* [TO DO] Below are records with pictures. Transcribe exactly, and only, the lines from the line with "Vaca roja de" to the line with "One Little Secret", both ends included, but not the pictures.

* [DATA]
◇ ◇ ◇ ◇ ◇ ◇ ◇
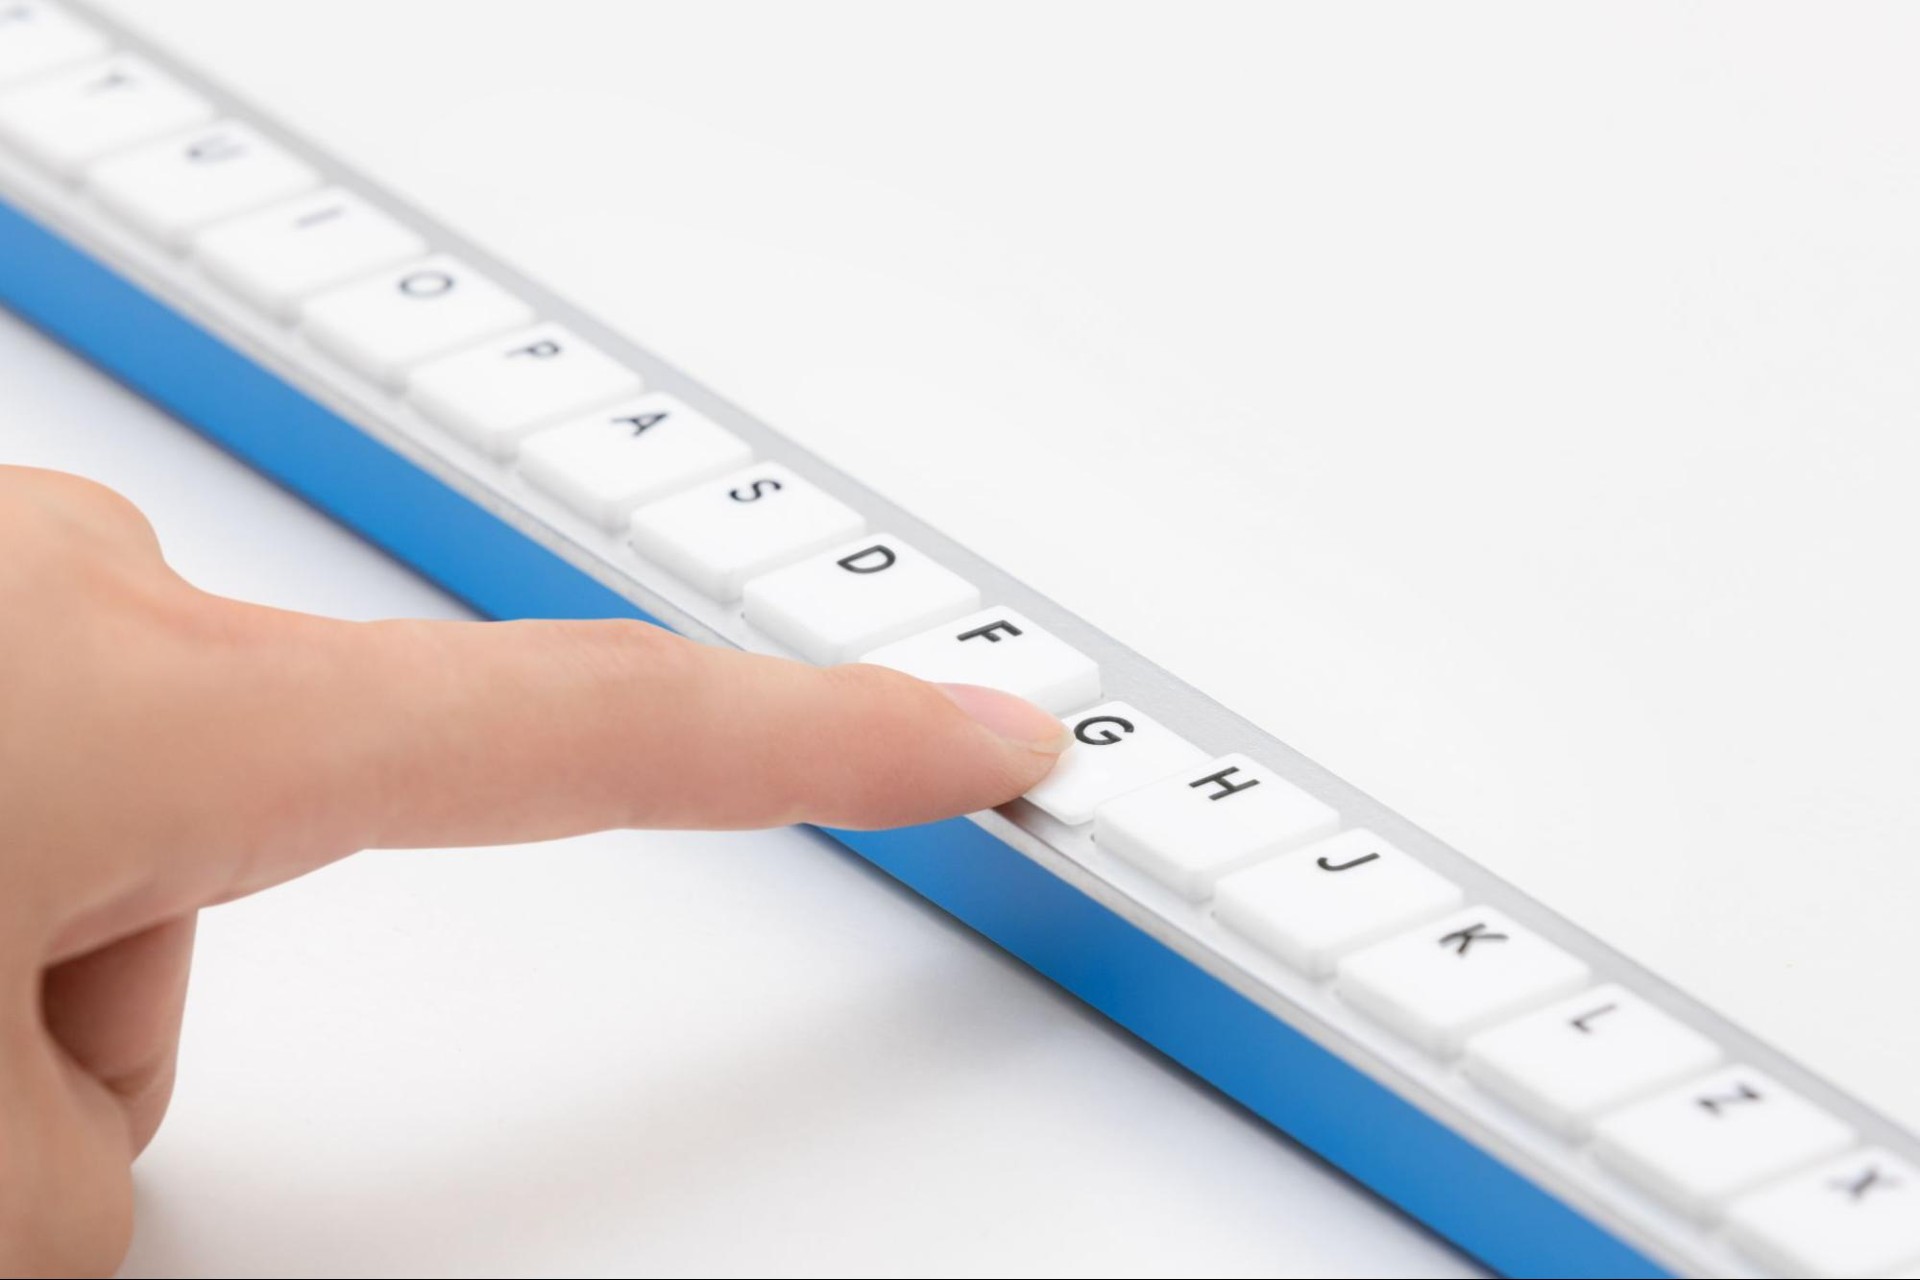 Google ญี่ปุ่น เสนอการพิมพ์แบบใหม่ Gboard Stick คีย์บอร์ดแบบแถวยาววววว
◇ ◇ ◇ ◇ ◇ ◇ ◇
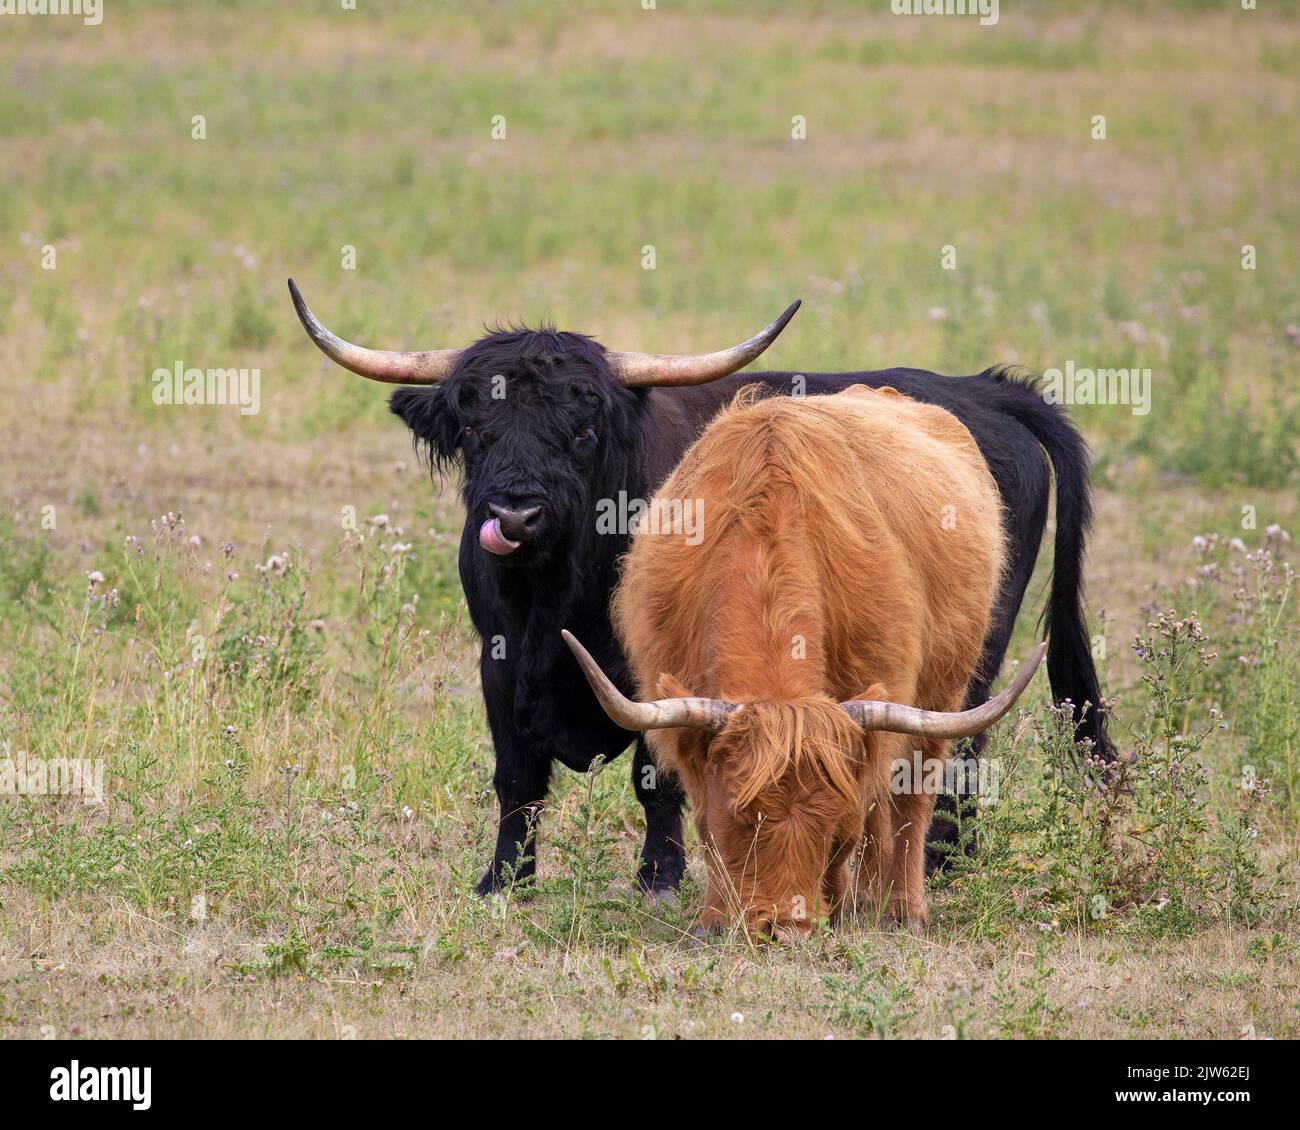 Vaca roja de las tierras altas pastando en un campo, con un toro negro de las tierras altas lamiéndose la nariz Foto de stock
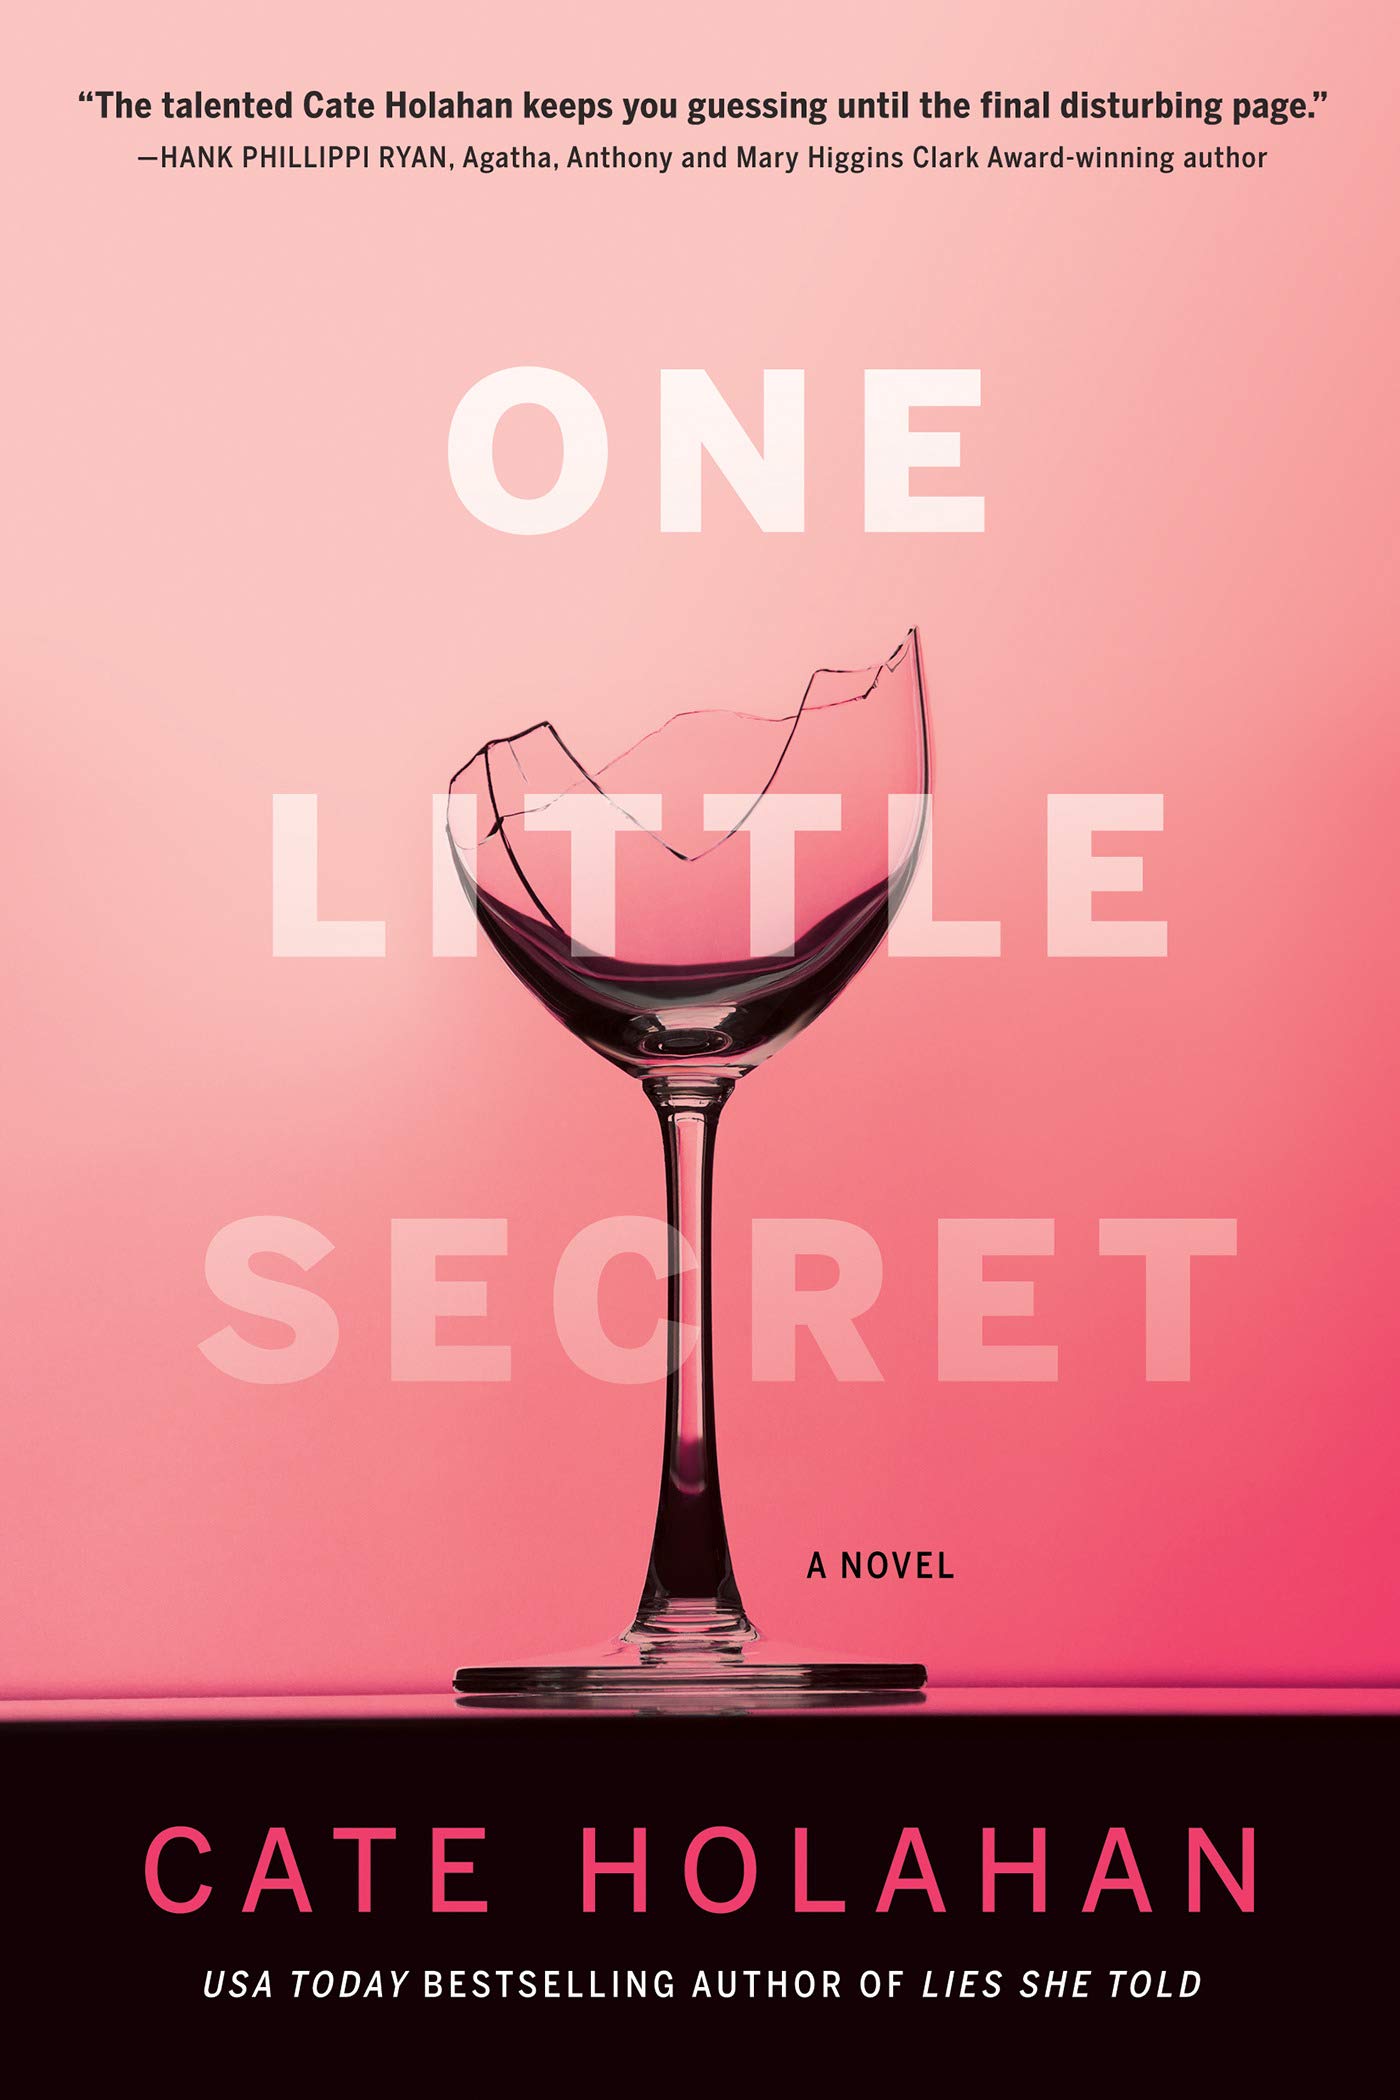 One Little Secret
◇ ◇ ◇ ◇ ◇ ◇ ◇
* [ANSWER SPACE]
 Vaca roja de las tierras altas pastando en un campo, con un toro negro de las tierras altas lamiéndose la nariz Foto de stock
 One Little Secret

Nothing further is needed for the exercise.